Output exactly, and only, the stretch of lines beginning at the line with "Szürke nadrág, fekete" and ending at the last line of the listing below. Drop the pictures.

### AVAILABLE DATA

· · · ·

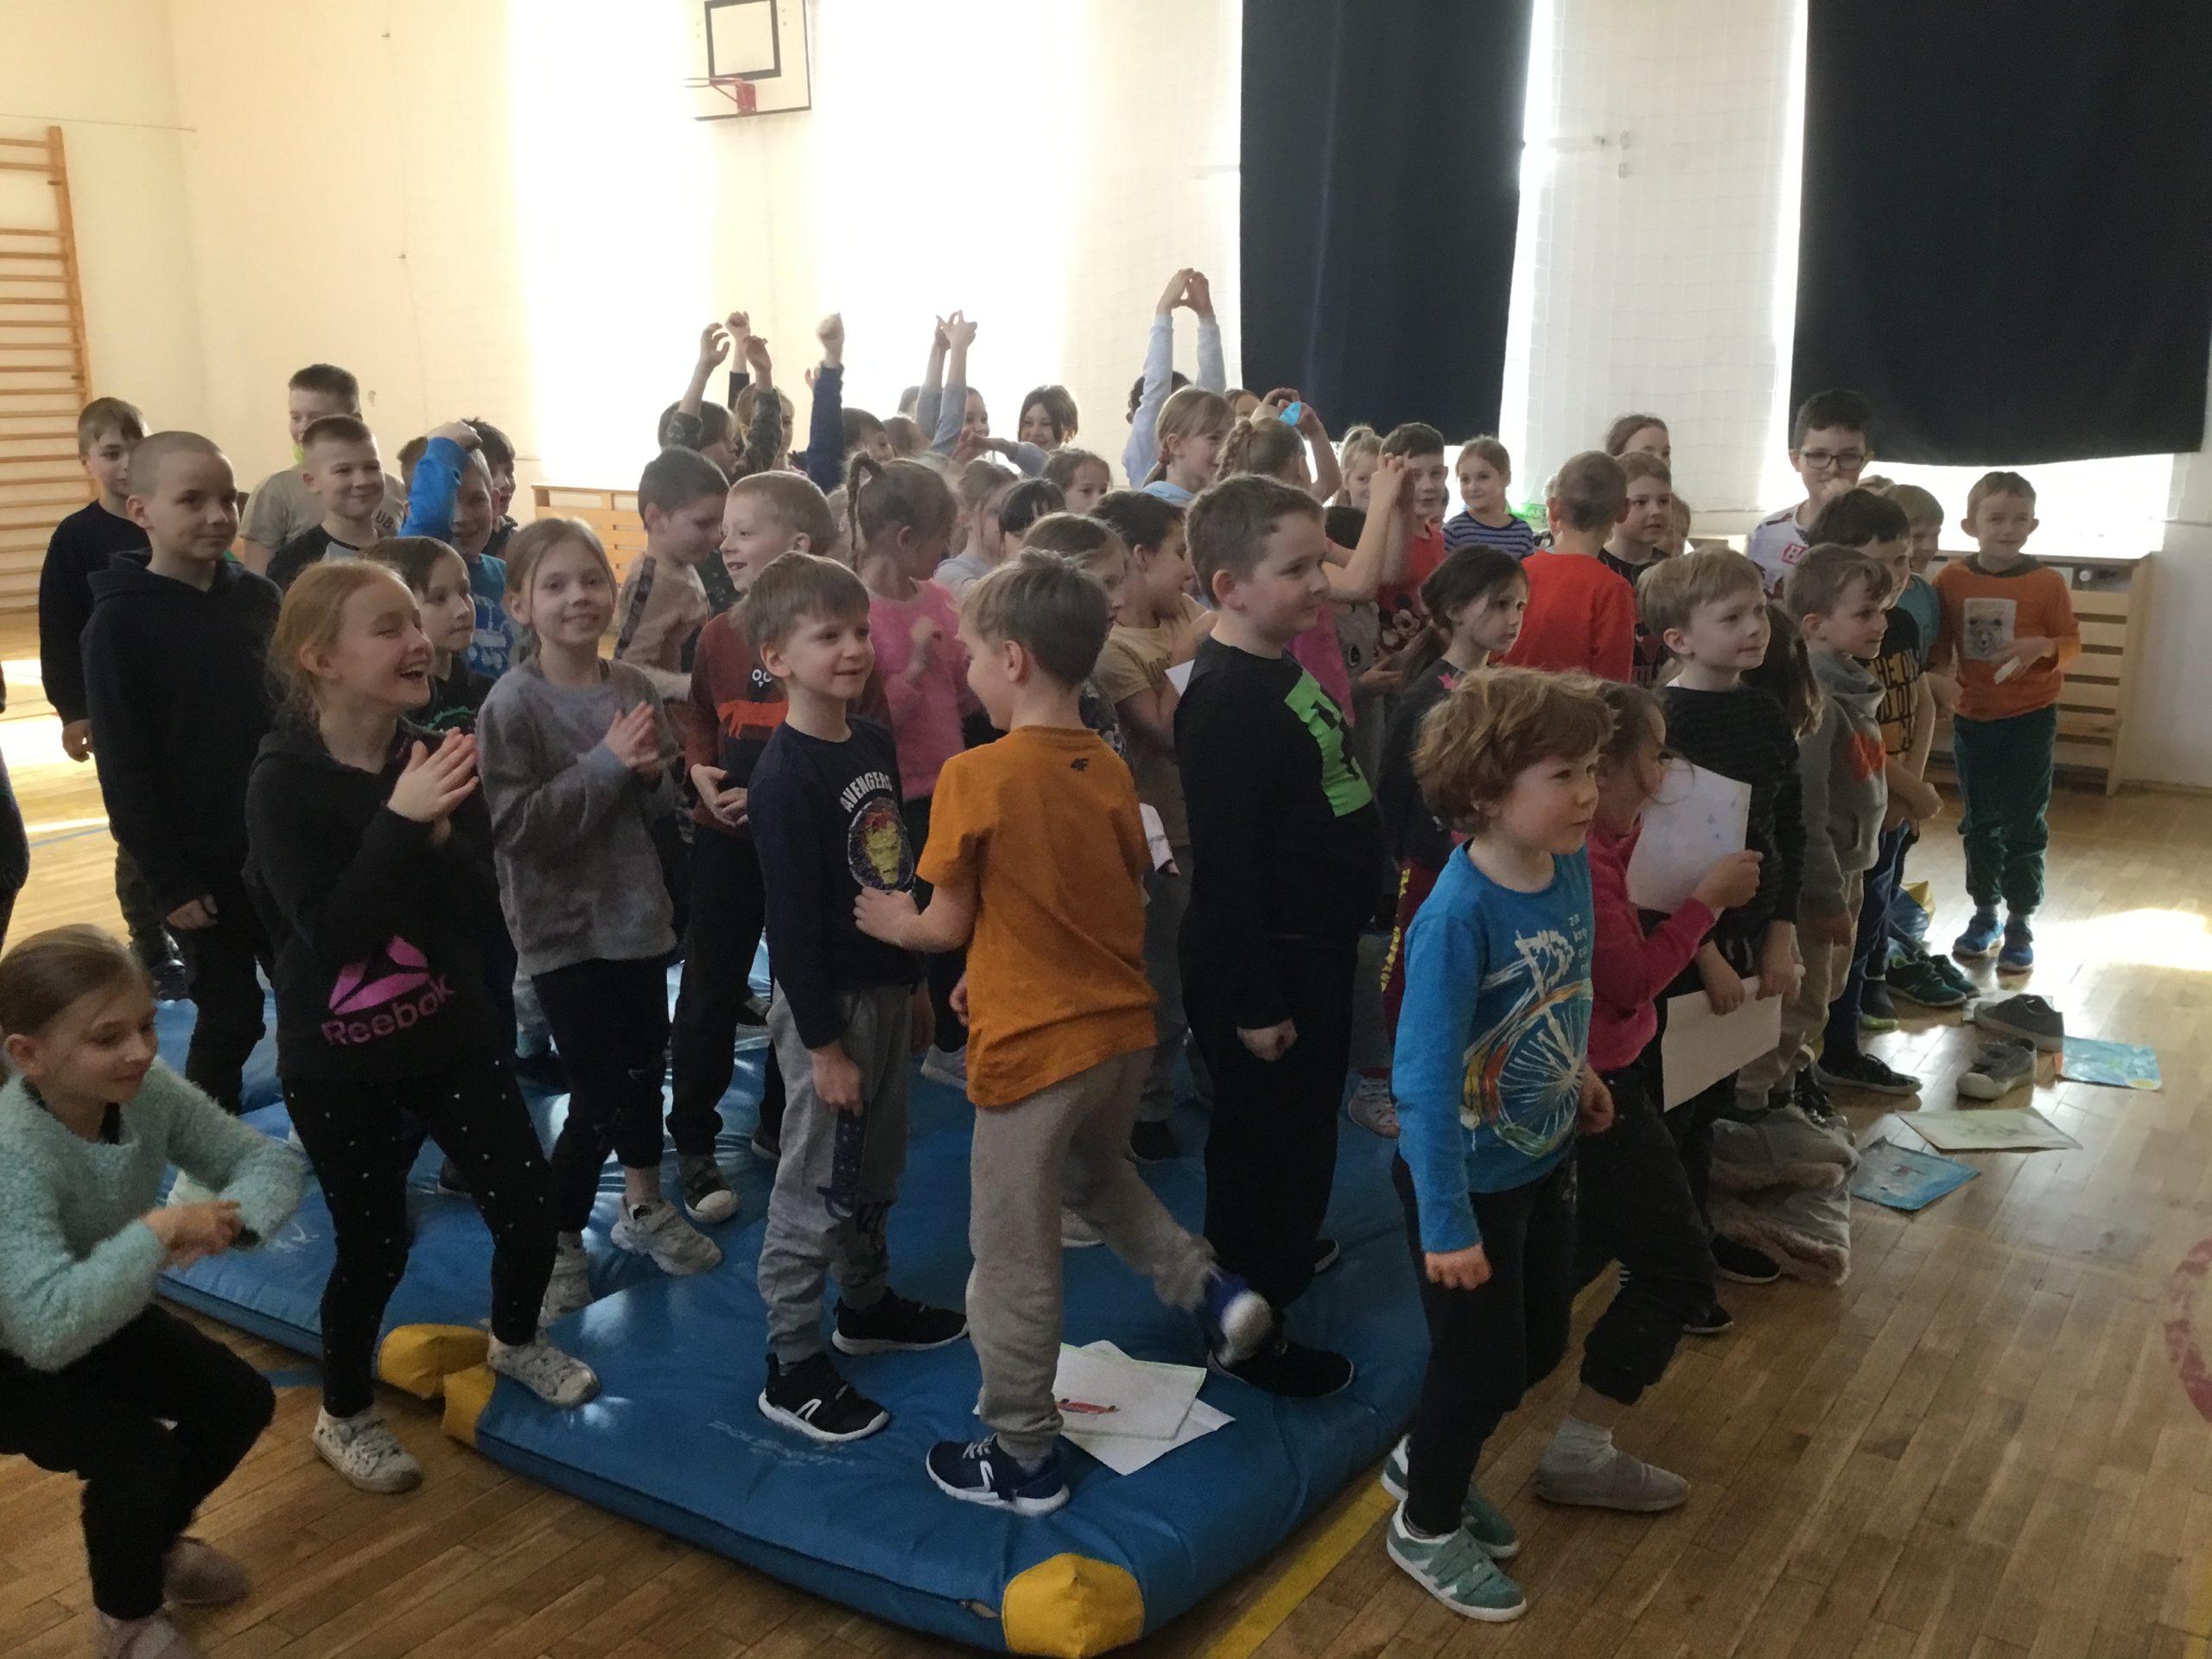 dzieci z klas młodszych na sali gimnastycznej podczas spotkania autorskiego zgłaszające się do odpowiedzi
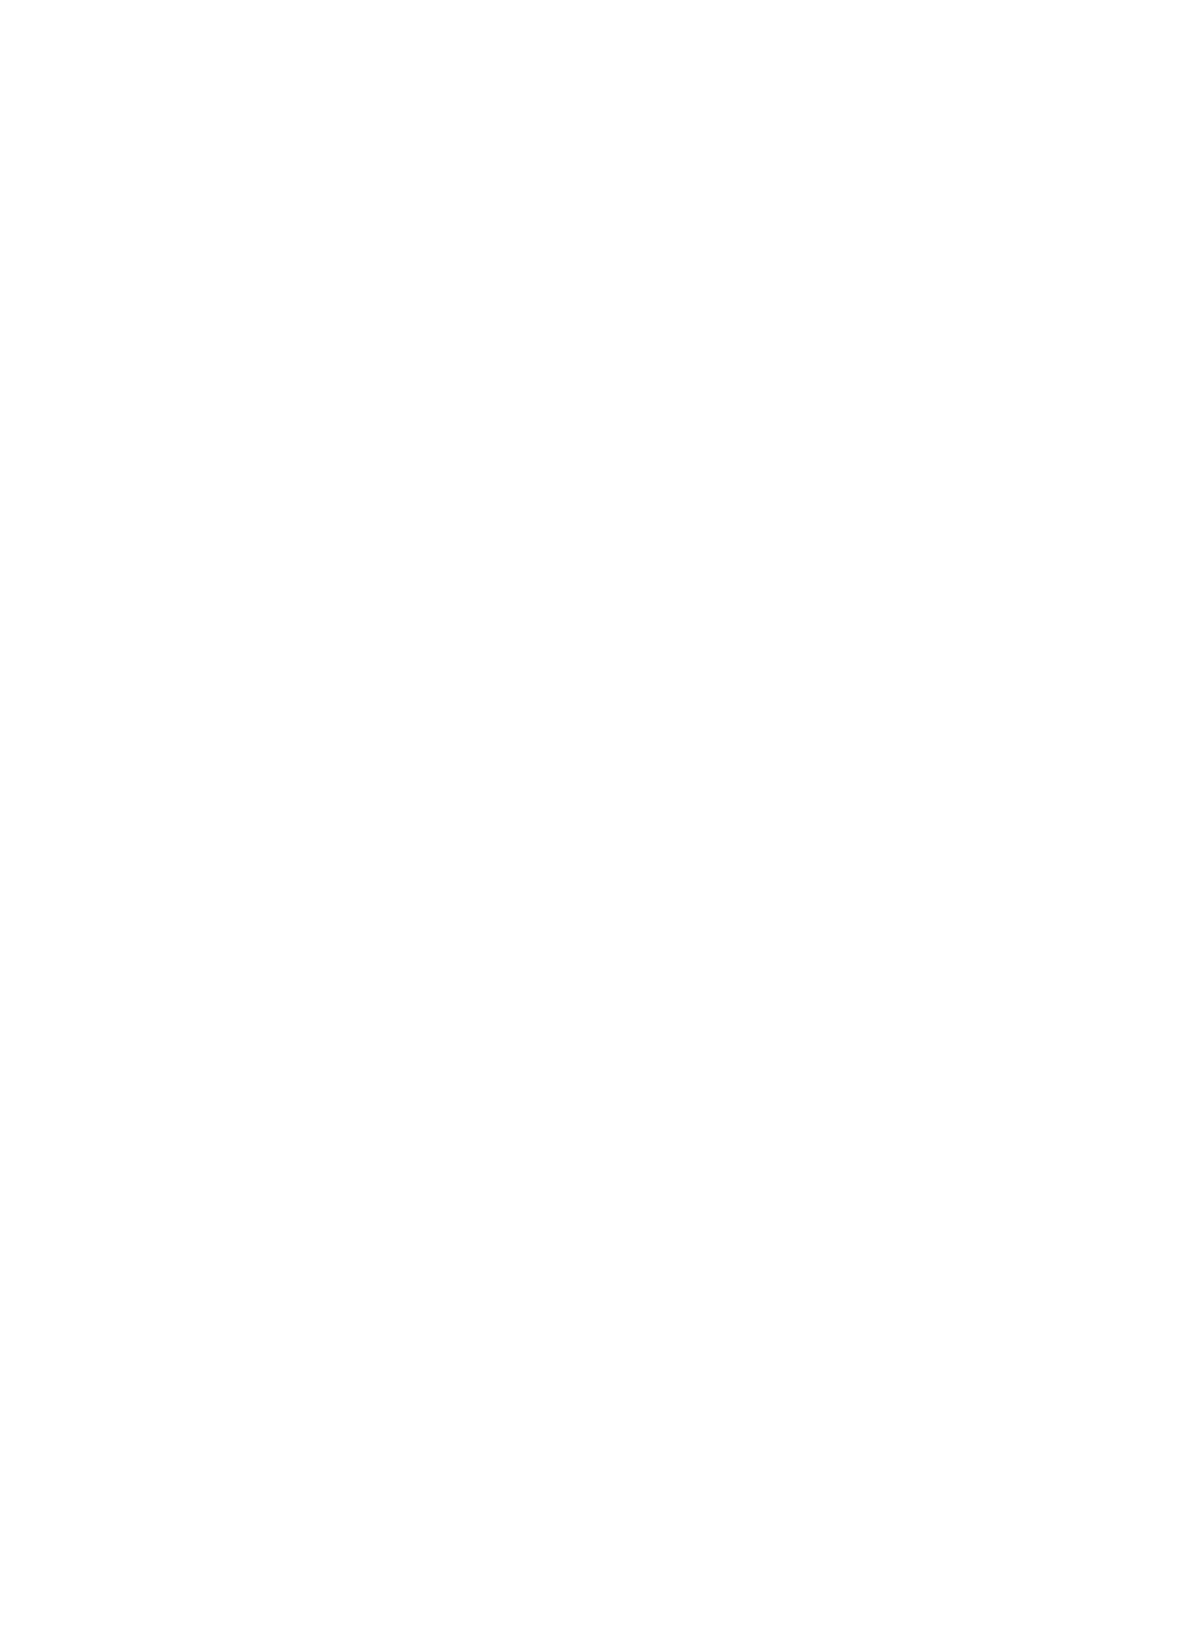 Szürke nadrág, fekete felső és fekete ruha 14 995 Ft 9495 Ft 14 995 Ft GLAMOUR-napokon 11 995 Ft, 7595 Ft, 11 995 Ft
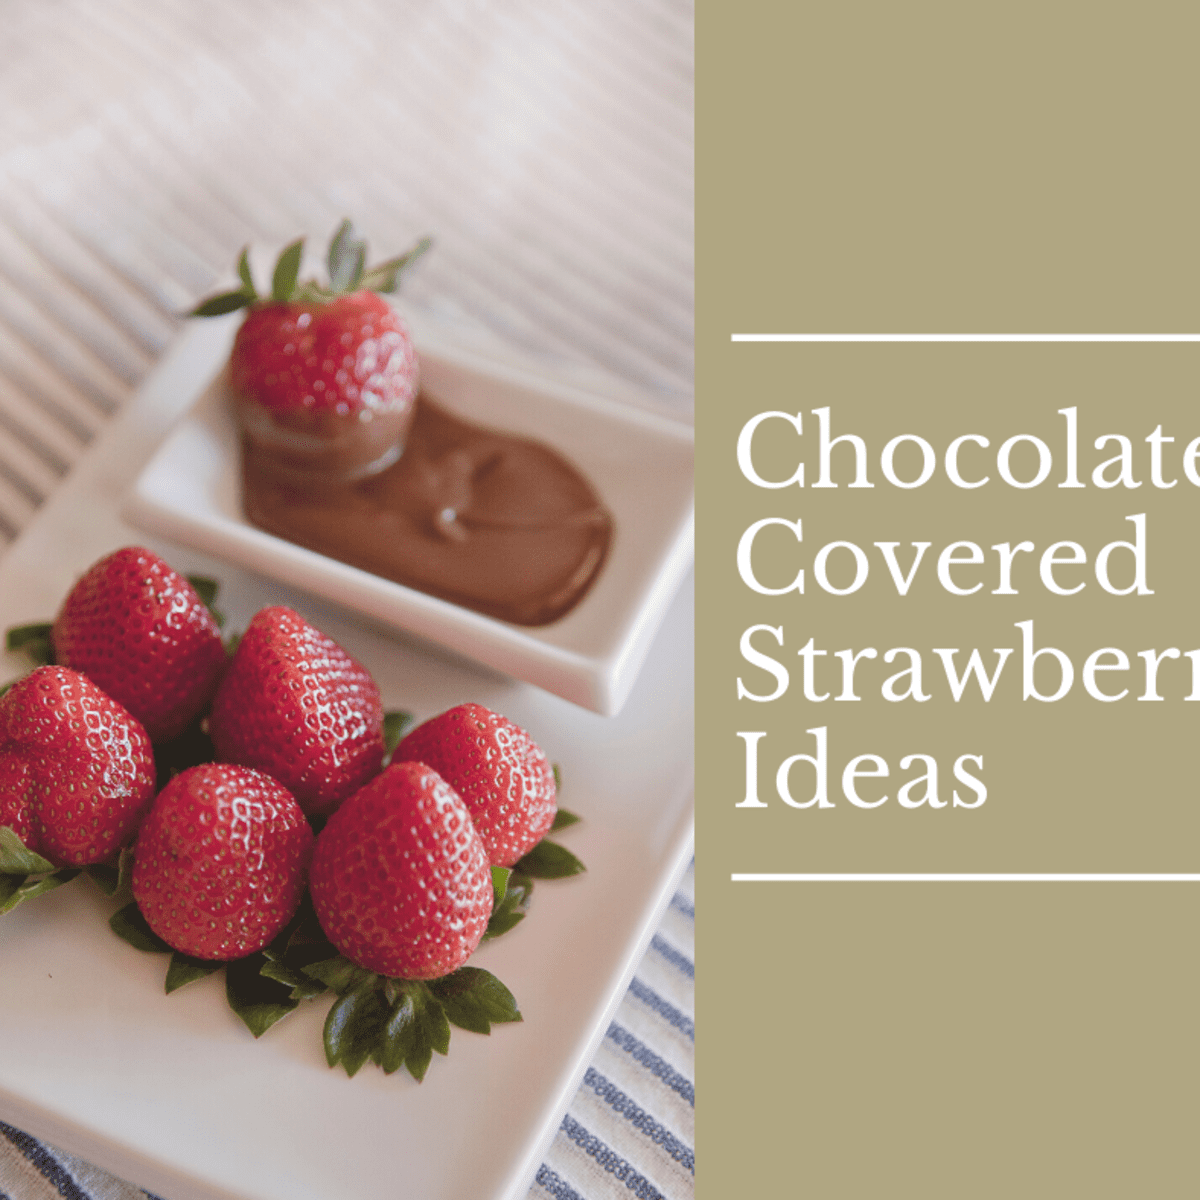  Chocolate Covered Strawberries Kit

· · · ·

### ANSWER TO THIS EXERCISE
 Szürke nadrág, fekete felső és fekete ruha 14 995 Ft 9495 Ft 14 995 Ft GLAMOUR-napokon 11 995 Ft, 7595 Ft, 11 995 Ft
  Chocolate Covered Strawberries Kit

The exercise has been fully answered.